## ACTION ITEM
Repeat the following data exactly, omitting pictures.

## DATA EXTRACT

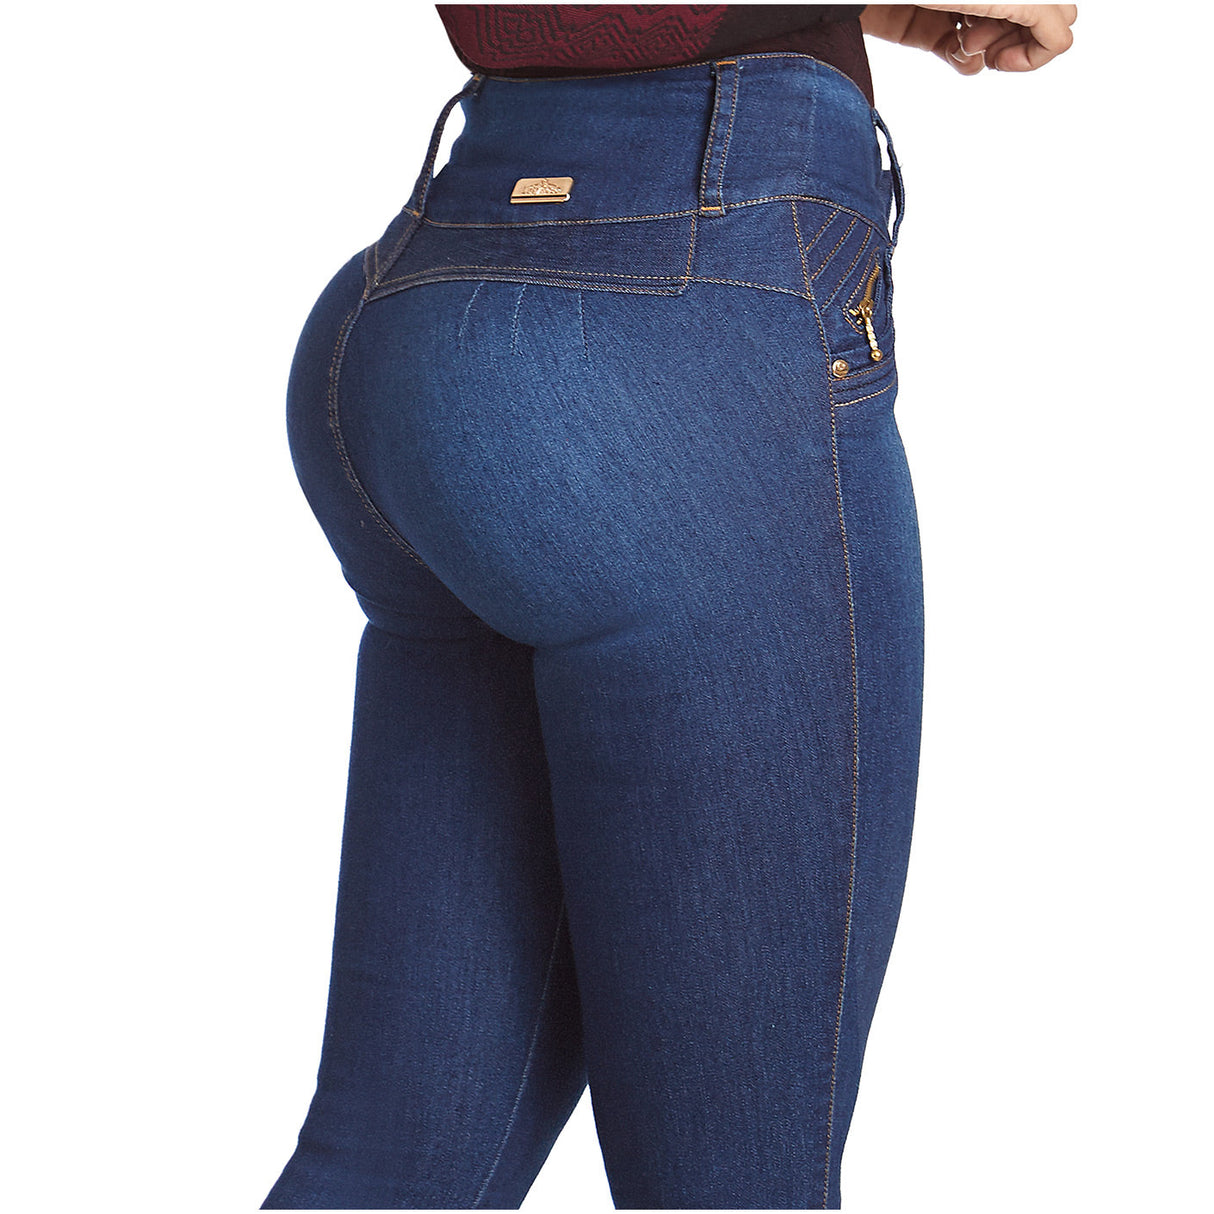 Jeans Colombianos IS3004 – Fajas Colombianas Sale
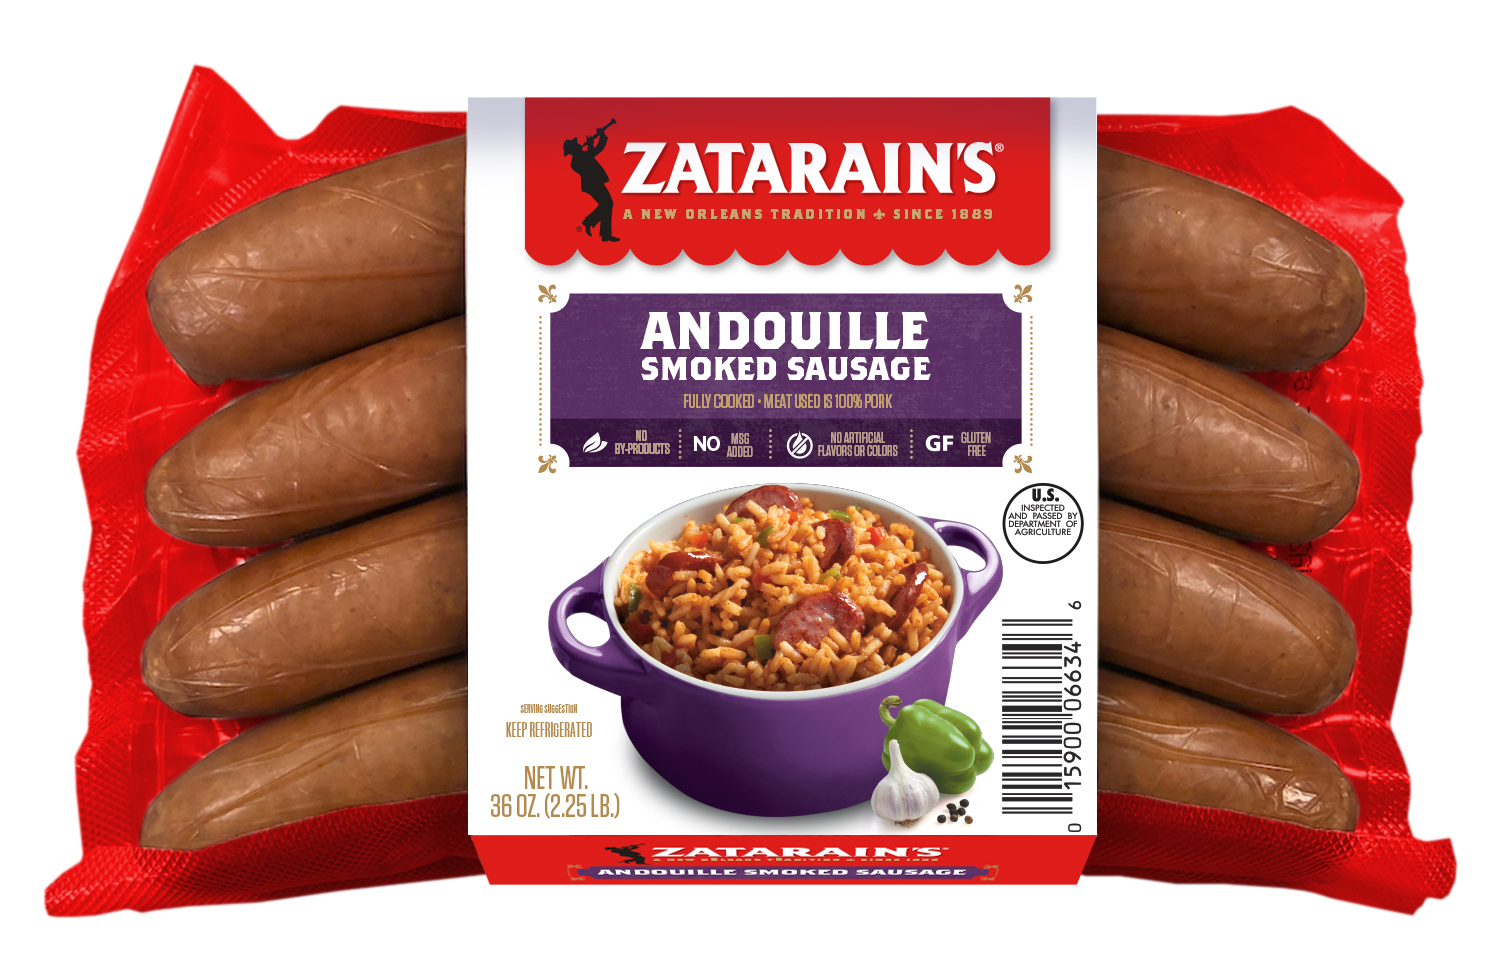 Zatarain's 2.25 lb packages can be found at Sam's Club
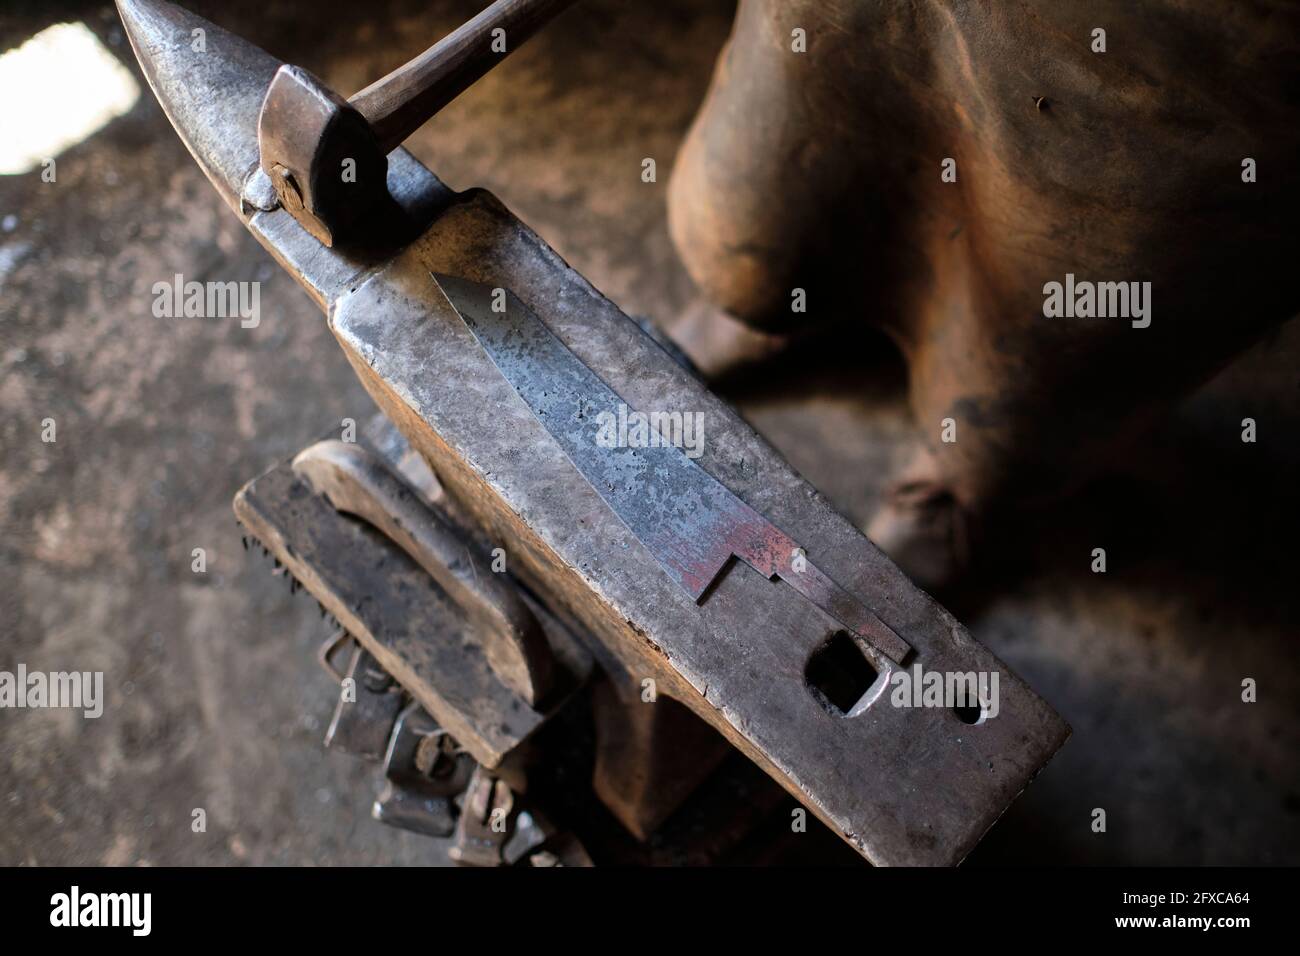 Male metal worker standing by anvil at workshop Stock Photo
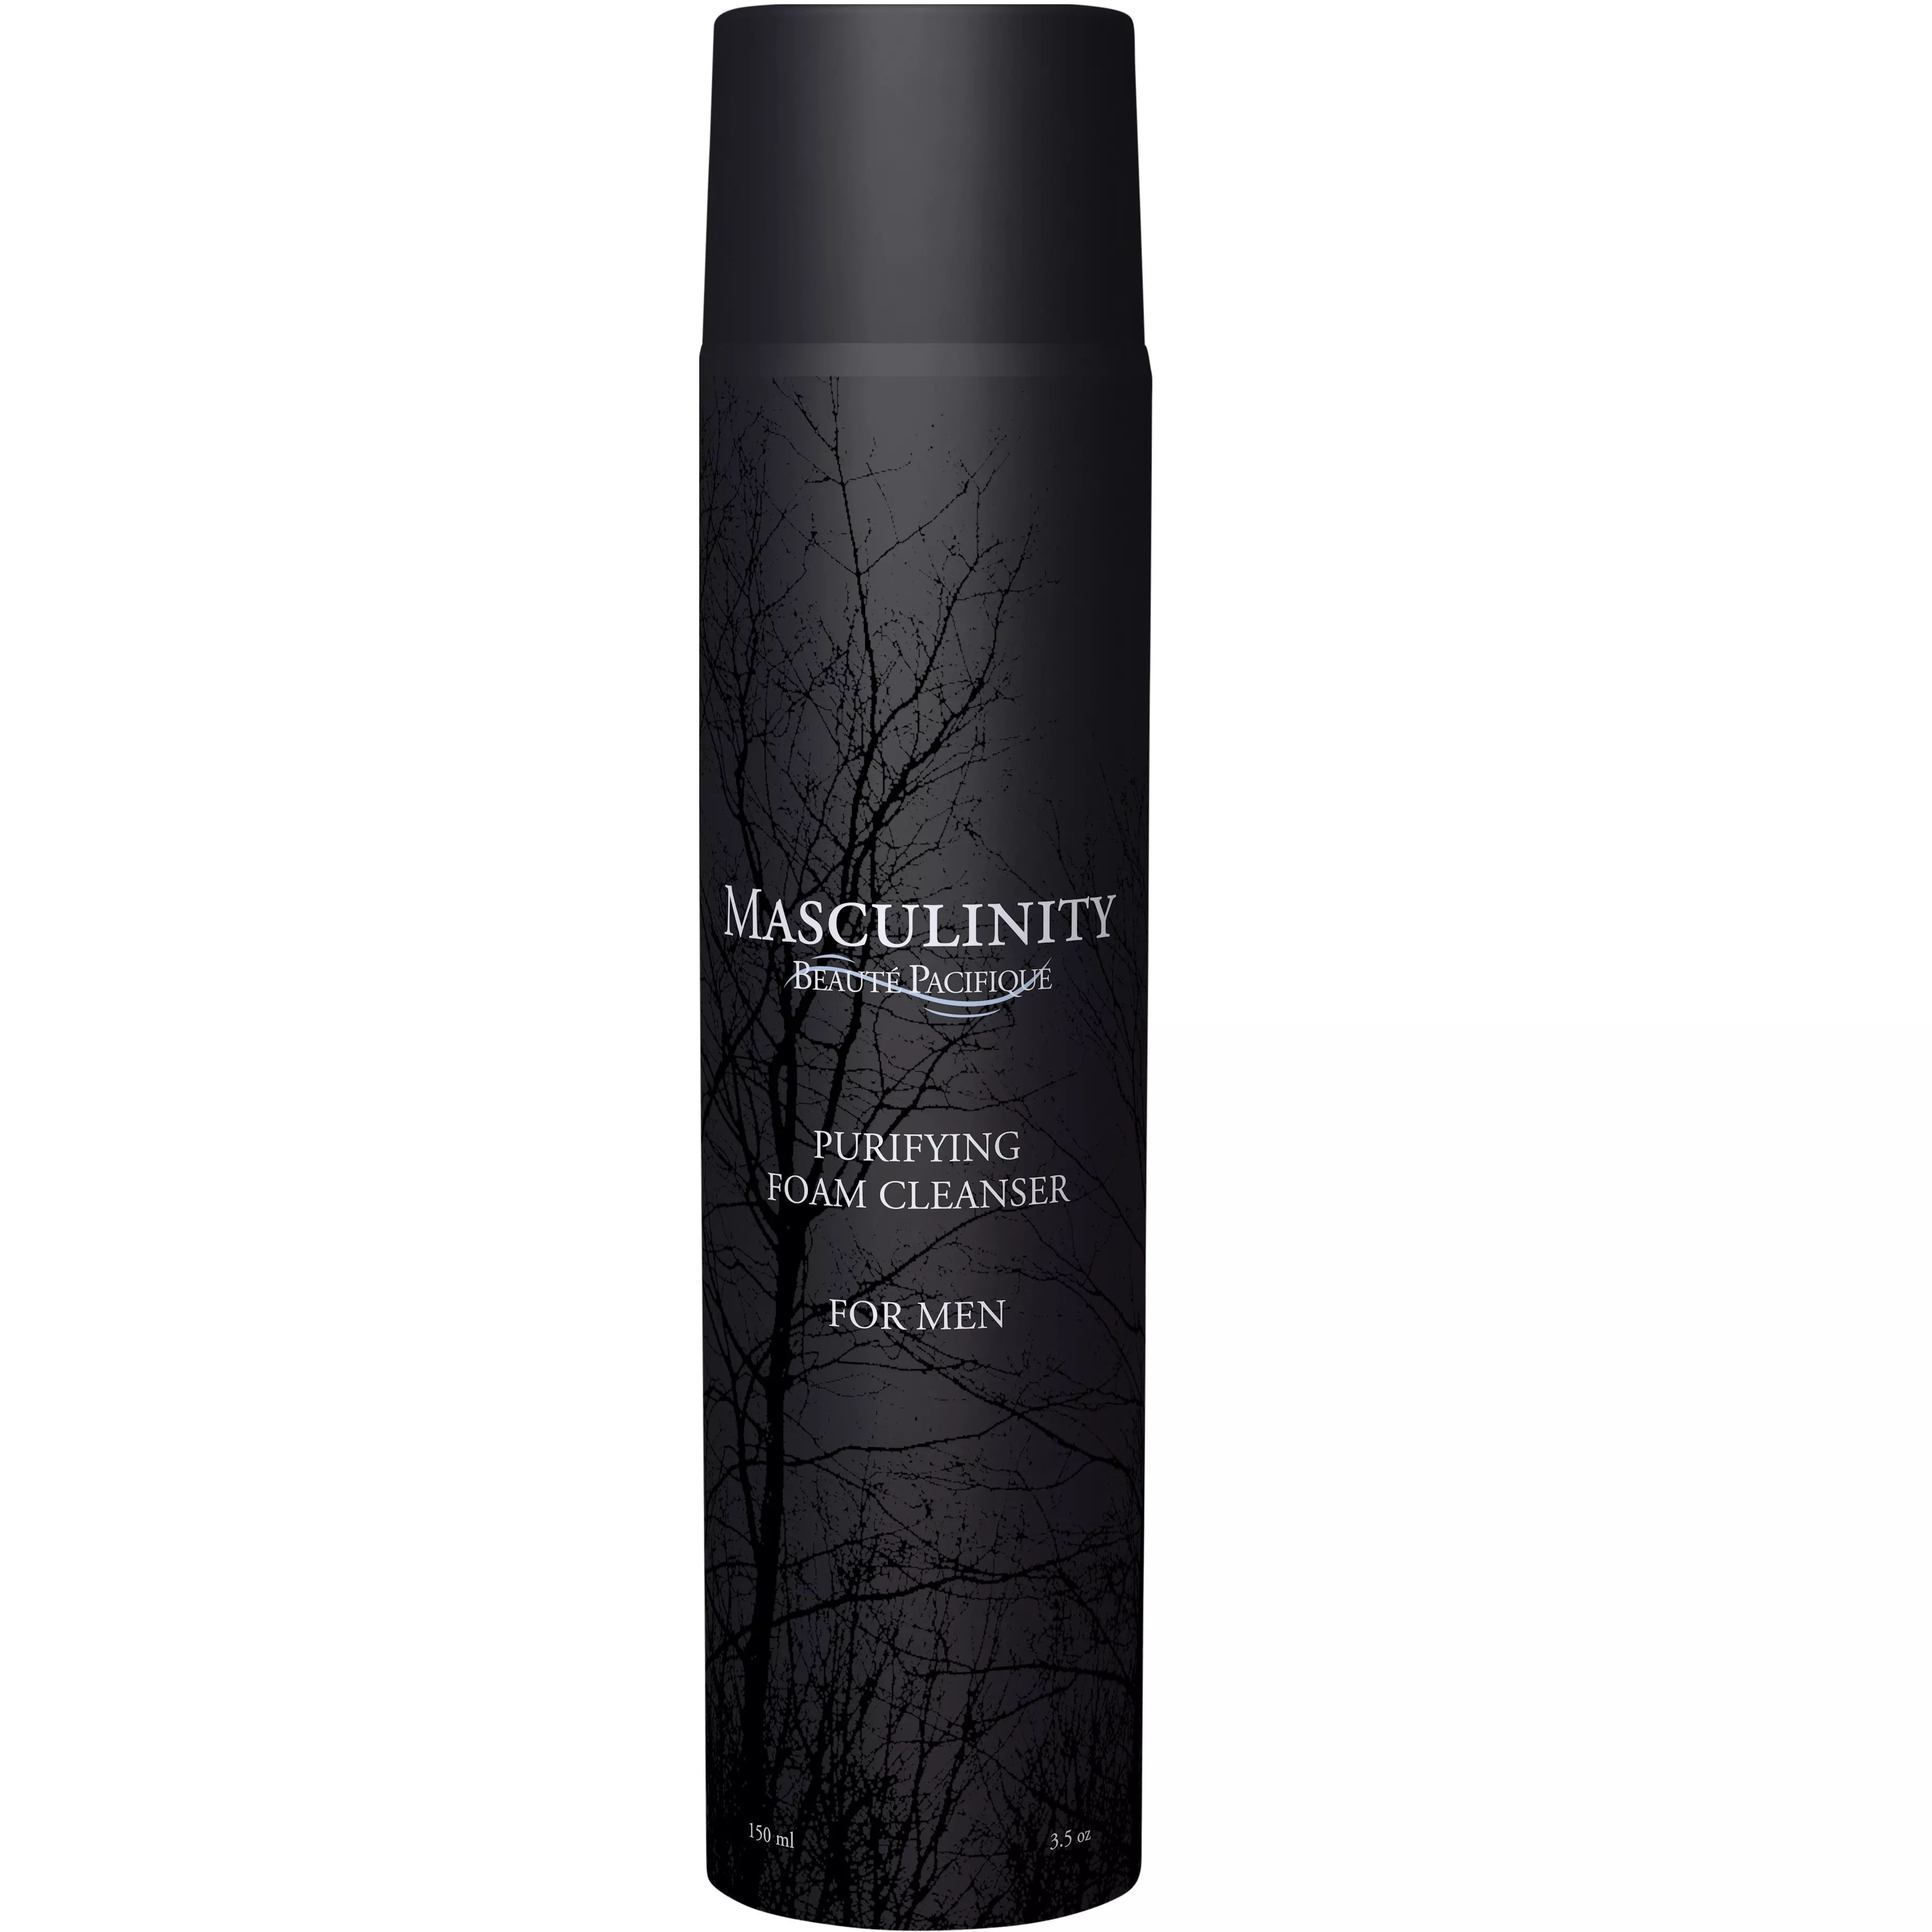 Beaute Pacifique Masculinity Purifying Foam Cleanser

## ANSWER TO THE EXERCISE
 Jeans Colombianos IS3004 – Fajas Colombianas Sale
 Zatarain's 2.25 lb packages can be found at Sam's Club
 Male metal worker standing by anvil at workshop Stock Photo
 Beaute Pacifique Masculinity Purifying Foam Cleanser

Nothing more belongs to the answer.